- [Your goal] Consider the listing below. Extract exactly the lines from the line containing "damaging many houses" to the line containing "Protesters march with", both included.

- [Task data]
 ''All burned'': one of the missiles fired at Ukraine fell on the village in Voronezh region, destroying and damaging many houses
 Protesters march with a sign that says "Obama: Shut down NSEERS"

* * *

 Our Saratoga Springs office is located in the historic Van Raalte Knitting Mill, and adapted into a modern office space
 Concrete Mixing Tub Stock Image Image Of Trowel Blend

- [Reply]
 ''All burned'': one of the missiles fired at Ukraine fell on the village in Voronezh region, destroying and damaging many houses
 Protesters march with a sign that says "Obama: Shut down NSEERS"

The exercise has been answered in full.